I’d get her in my bed tonight if it killed me.
From the snarl on her face, that was a very real possibility.
But it would happen anyway.
After the first doctor spoke, in a dull monotone that nearly put the audience into a coma, Greer came up to the podium. She smiled at the audience. “Our next presenter has devoted her career to tackling the very real problem of obesity in children. As a nutritionist in this very city, she deals specifically with eating disorders in young people and has a very special viewpoint to lend to this discussion. She is passionate about this cause.”
I rolled my eyes. Special, whatever. Okay, her devotion was impressive. And she looked sexy as hell in that pink sweater. But come on. If she wanted a cause to be passionate about, I could give her some ideas.
“Please welcome, from the Healthy Steps Nutritional Center, Miss Juliana Hurley.”
I moved slightly to give her room to step out, but she didn’t need my help. She pushed away from the table and skirted around me like I was infected. She reached the podium and began to speak.

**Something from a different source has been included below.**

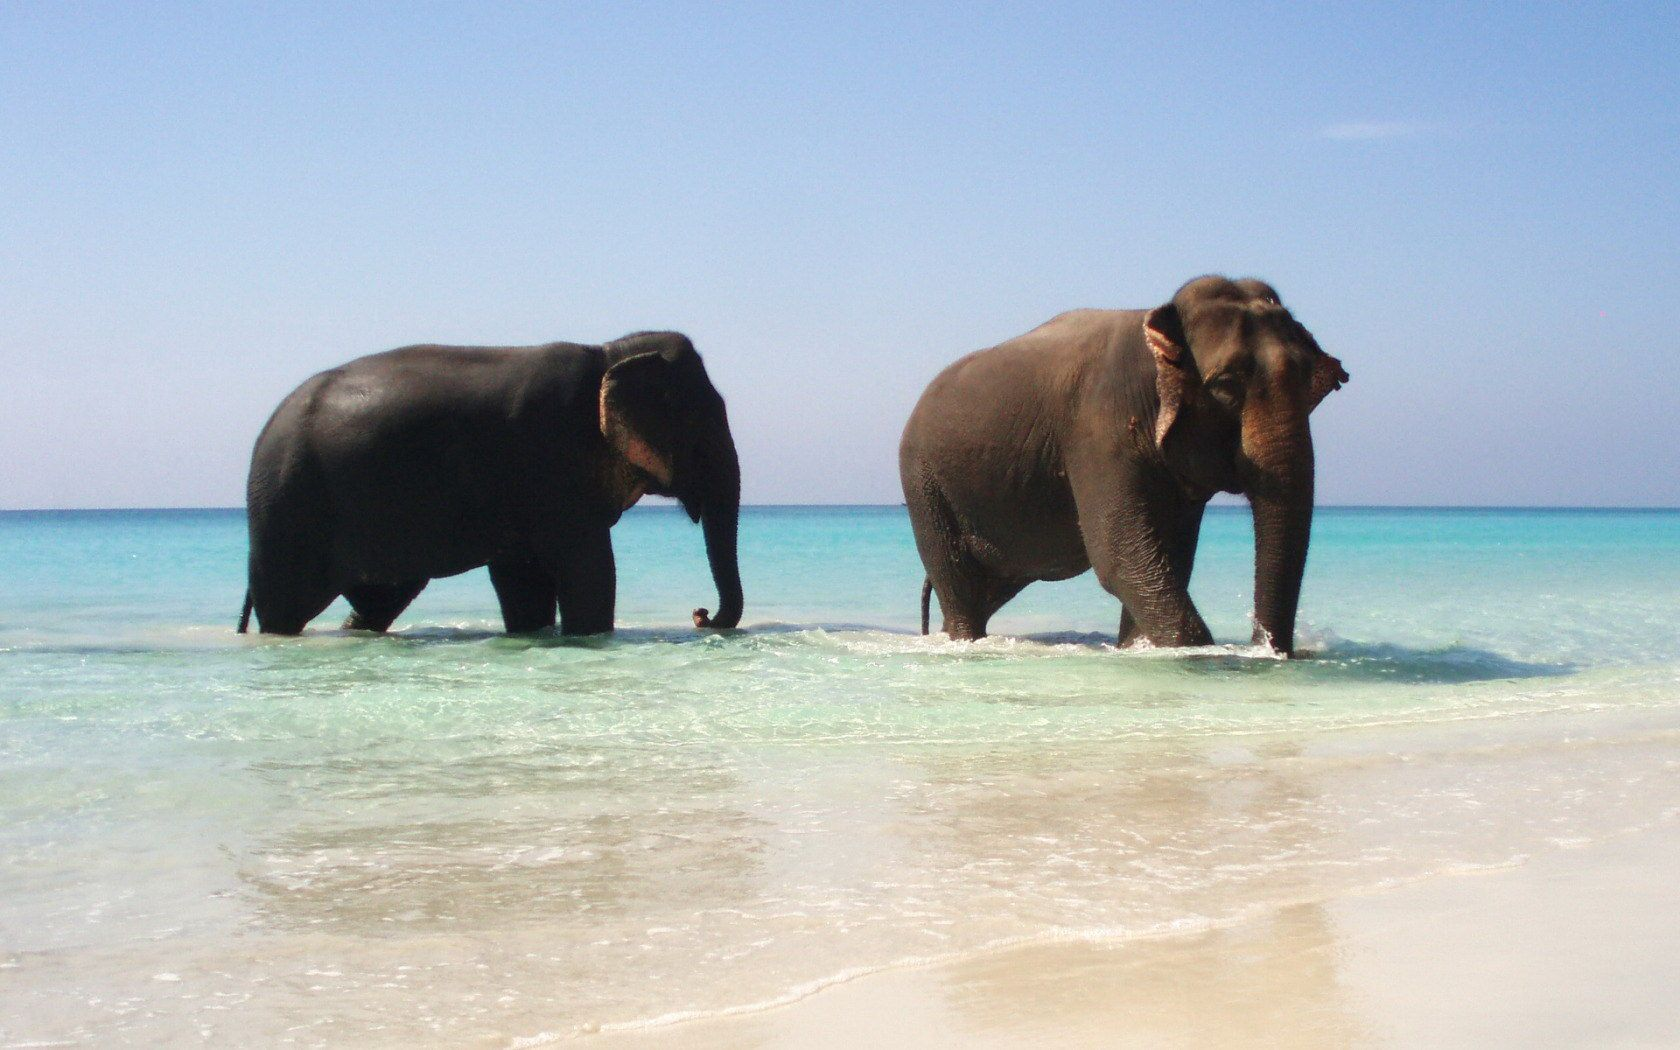 صورة لفيل Elefanten Tapete Elefanten Bilder Elefanten Hintergrund

Meanwhile, I sat behind her, my eyes fastened on the S of her curves, the way her waist spread out to an ass that perfectly filled out her smart gray slacks. God, she was a gorgeous woman.
“I, um, was not just an overweight child. I was morbidly obese, and it affected my health, both physical and mental,” she stated.
Morbidly obese?
I looked over my shoulder to the PowerPoint presentation. On the slide was an old photograph of a girl with Juliana’s big blue eyes and blonde hair, surrounded by a mass of extra flesh. She wasn’t kidding. She had been obese.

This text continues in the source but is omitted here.